Oh i am sorry, i didnt read his post carefully, it thought that he is torning between Quatz and Automatic, he cant make a decision. so i tried to convince him that he can buy a automatic if he wants. I read again and realize that he bought the watch. i am sorry all again, i tried to make good things but it turns to show how rude i am...sorry.


----------



## refugio

Chris Hughes said:


> There's a place for a fine quartz watch in every collection...


Alternative POV: There's a place for a fine *mechanical *watch in every collection

(just saying mechanical so that the hand-winders don't feel left slighted)

Speaking as someone who recently had a quad-winder filled, I have to say that getting off the mechanical addiction has been...relaxing. Kind of like being on vacation <smile>


----------



## Chris Hughes

Agree. Room for both. I'm looking forward to adding a 300m quartz as soon as I find one at a good price.


----------



## TimeValue

Talking about mechanic vs. quartz, does each brand have its own preferences on favoritism? Cartier has tons of quartz, most are for women that can price at 10-20 grand and some men's models also price at nearly 10 grand. Do they have this heated debate on mechanic vs. quartz? Brietling also have tons of quarts. But I do remember one member's comments on quartz: it's like you put an electronic keyboard inside a Steinway grand piano. It almost never plays music wrong but ... ...


----------



## msp1518

I love autos, but have never been in the income bracket to buy high end. My first Omega is a the Seamaster Pro 200m Pre-bond two toned quartz. It's a peculiar piece and the only quartz I would spend money on. But some people will see it and think I have a fake on my wrist.

Here in the NYC area those who know watches immediately think FAKE when they see an Omega quartz. They just associate quartz with replicas and therefore have this snobbish attitude. "Is that real?" How insulting to ask that. But they believe it must me. 

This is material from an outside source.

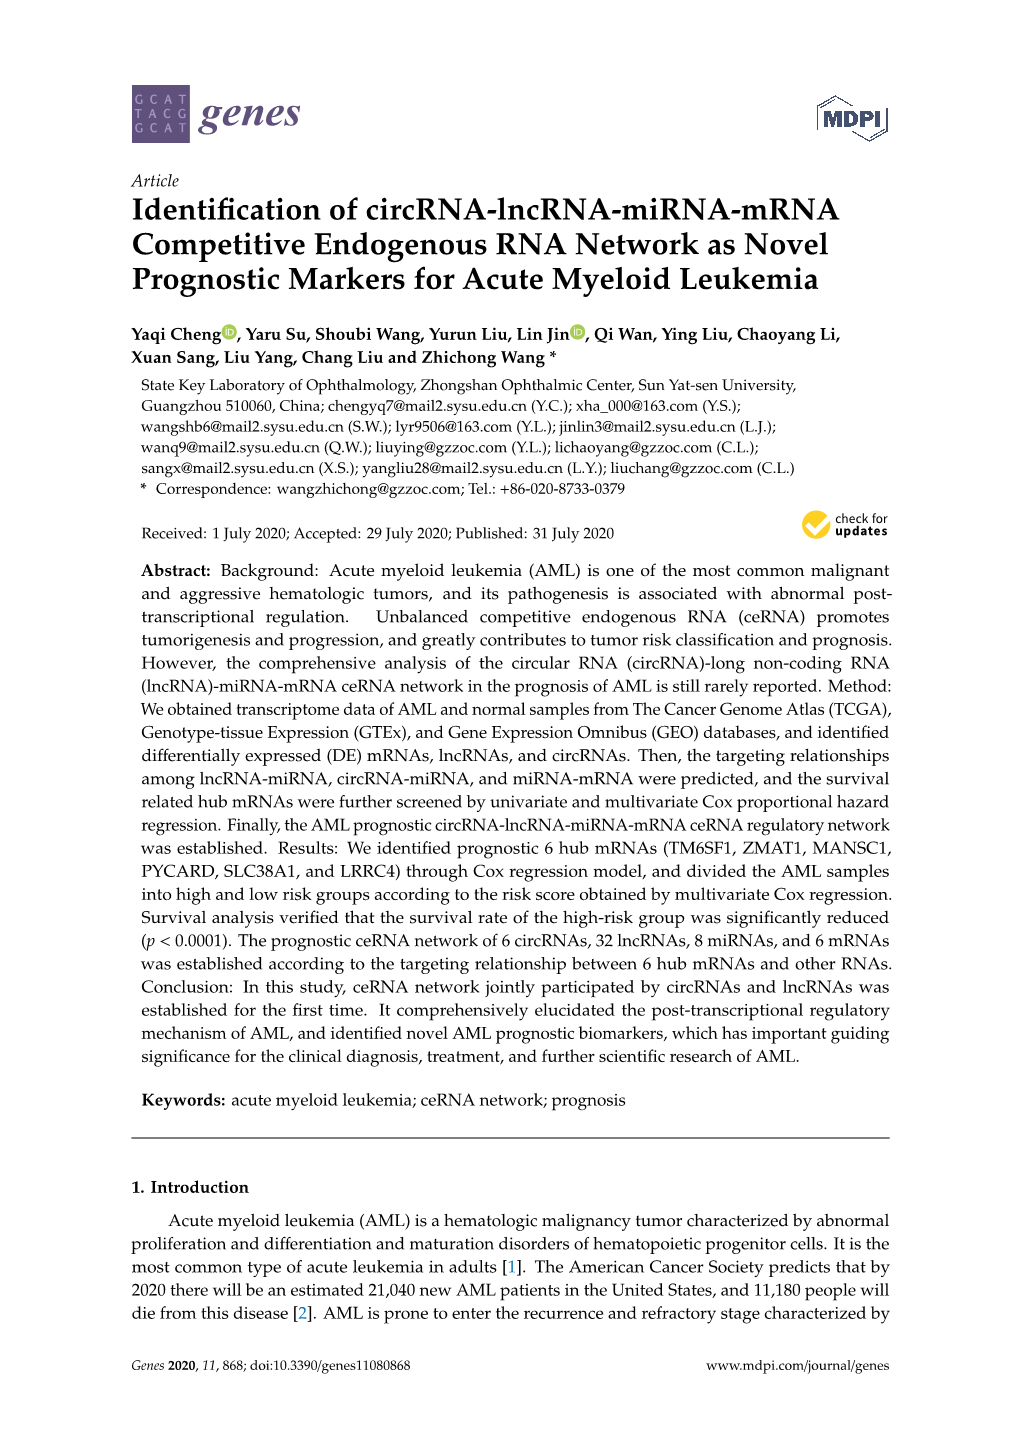 Identification of Circrna-Lncrna-Mirna-Mrna Competitive Endogenous RNA Network As Novel Prognostic Markers for Acute Myeloid Leukemia

The irony is years ago I bought a fake Omega Seamaster Pro (Bond version) with an auto engine and it fooled numerous snobs during the two weeks I wore it (before smashing it to pieces in a music video... the reason why I bought it). Most Seamaster fakes on NYC street corners are autos. Most Rolex fakes on street corners are quartz. Go figure.


----------



## Taswell

msp1518 said:


> Here in the NYC area those who know watches immediately think FAKE when they see an Omega quartz. They just associate quartz with replicas and therefore have this snobbish attitude.


Those then, obviously don't know much at all.


----------



## msp1518

It was a general statement. Many people I know or have run into in either business or socially have a small knowledge of watches and associate autos with real and quartz with fake (when looking at Omega or Rolex). So if they see a Quartz Omega, they think fake. 

I'm hoping my point got across: Those people are jerks.


----------



## BarracksSi

TimeValue said:


> Talking about mechanic vs. quartz, does each brand have its own preferences on favoritism? Cartier has tons of quartz, most are for women that can price at 10-20 grand and some men's models also price at nearly 10 grand.
> [snip]


I think they base quartz vs. mechanical on their intended market. The idea of populating the women's watches with quartz models would be that women treat their watches more as jewelry, so they'd only get worn occasionally, and mechanicals would run down if they're not on a winder.

The rest of the watch would account for the high total price, of course.


----------



## rselin

I think your question was if an automatic movement is superior to a quartz movement. The answer is no. Is a quartz movement, then, superior to an automatic movement? No. It is comparing apples and oranges. Different people will be drawn to one or the other type of movement for different reasons.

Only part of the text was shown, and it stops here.